Au 30 juin dernier, le Régime de pensions du Canada avait plus de 150 milliards sous gestion.

Jacques Bernier, associé principal de Teralys, un réservoir de capital-risque de 1,3 milliard, se réjouit quant à lui de voir des caisses de retraite considérer des investissements technologiques.

«C'est très positif de voir des fonds de pension canadiens prendre des positions dans des acteurs internationaux. Ça vient nourrir tout l'écosystème technologique. Honnêtement, quand ils ont fait Skype, je pensais que c'était une erreur, et regardez le résultat: ça a été un super coup», dit-il.

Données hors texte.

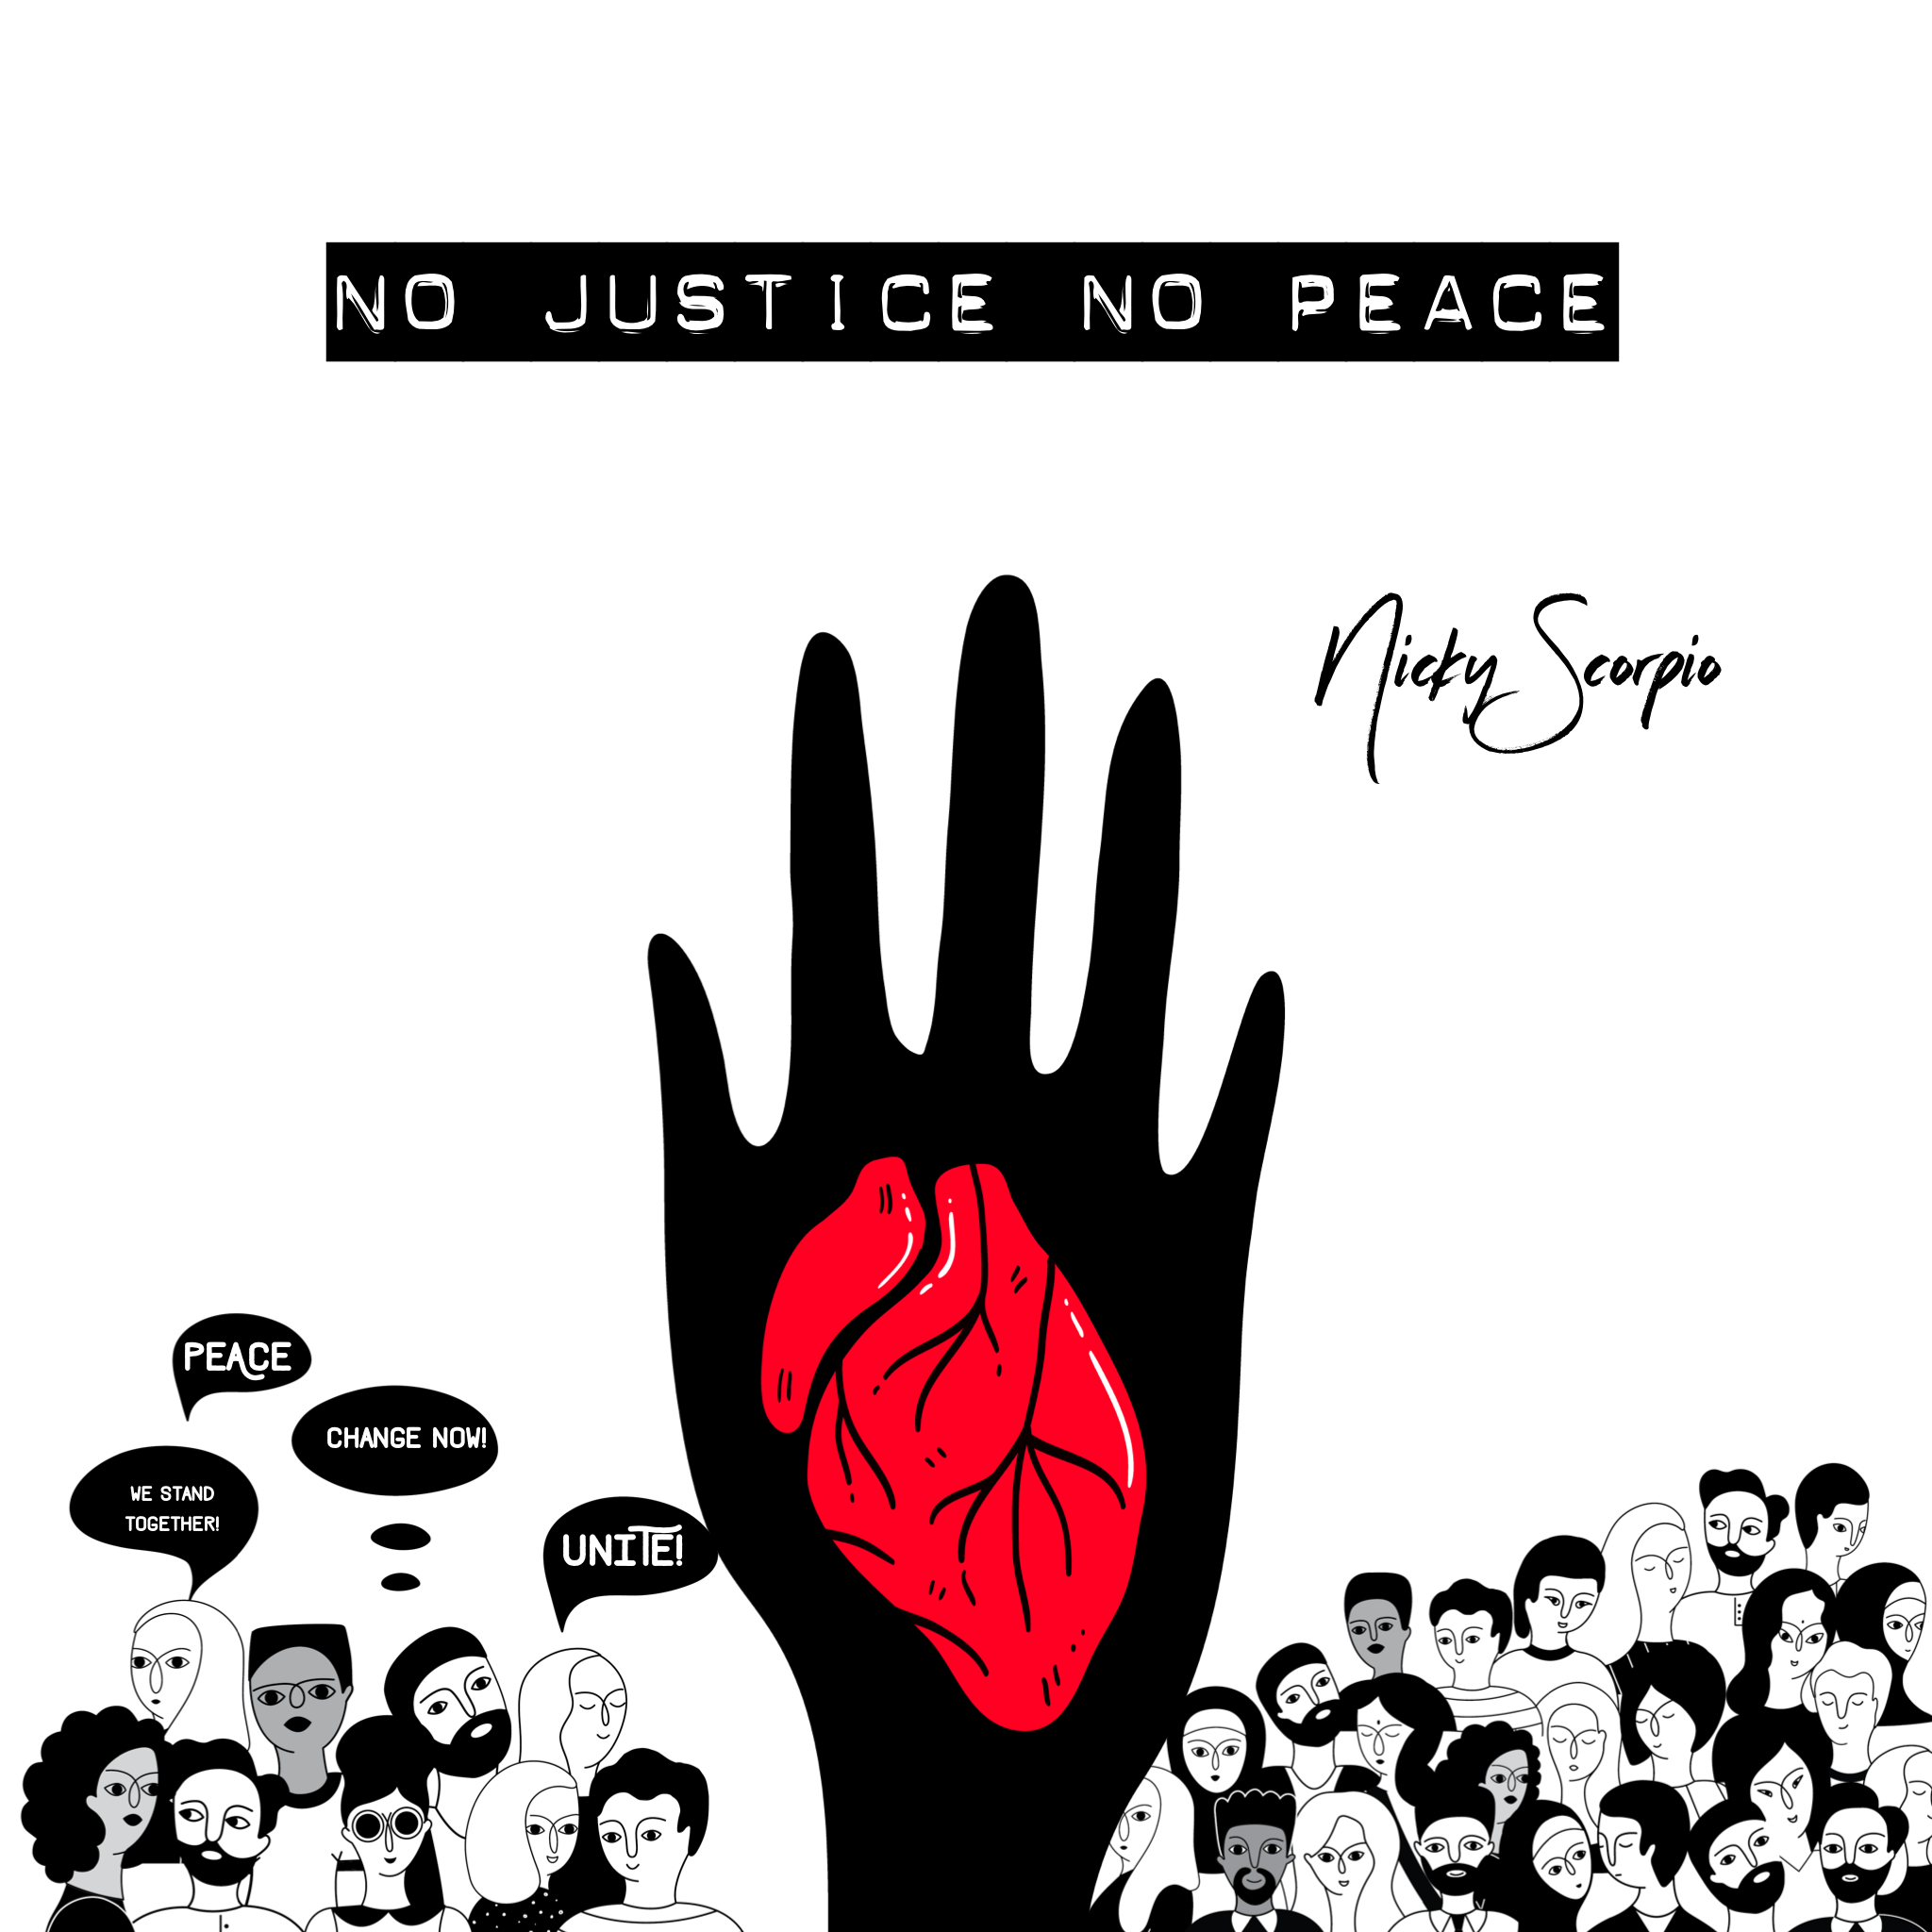 No Justice No Peace artwork by Nicky Scorpio

Iain Grant, du Seabord Group, croit que la transaction se défend.

«Yahoo! est en jeu, sans gouvernail et sans leadership. Ça pourrait donner à Microsoft la force de frappe sur l'internet qui lui fait défaut. Les 700 millions d'utilisateurs de Yahoo! combinés à Bing, Hotmail et Xbox formeraient un fort portefeuille de services internet», croit-il.

Yahoo!, par contre, a déjà repoussé Microsoft en 2008.

«Peut-être que l'alliance avec Silver Lake et le RPC sera suffisante pour diluer l'impression pernicieuse qui colle à Microsoft aux yeux du conseil de Yahoo!», suppose l'analyste.

Le titre de Yahoo! a gagné 24 cents US hier pour clôturer à 16,18$.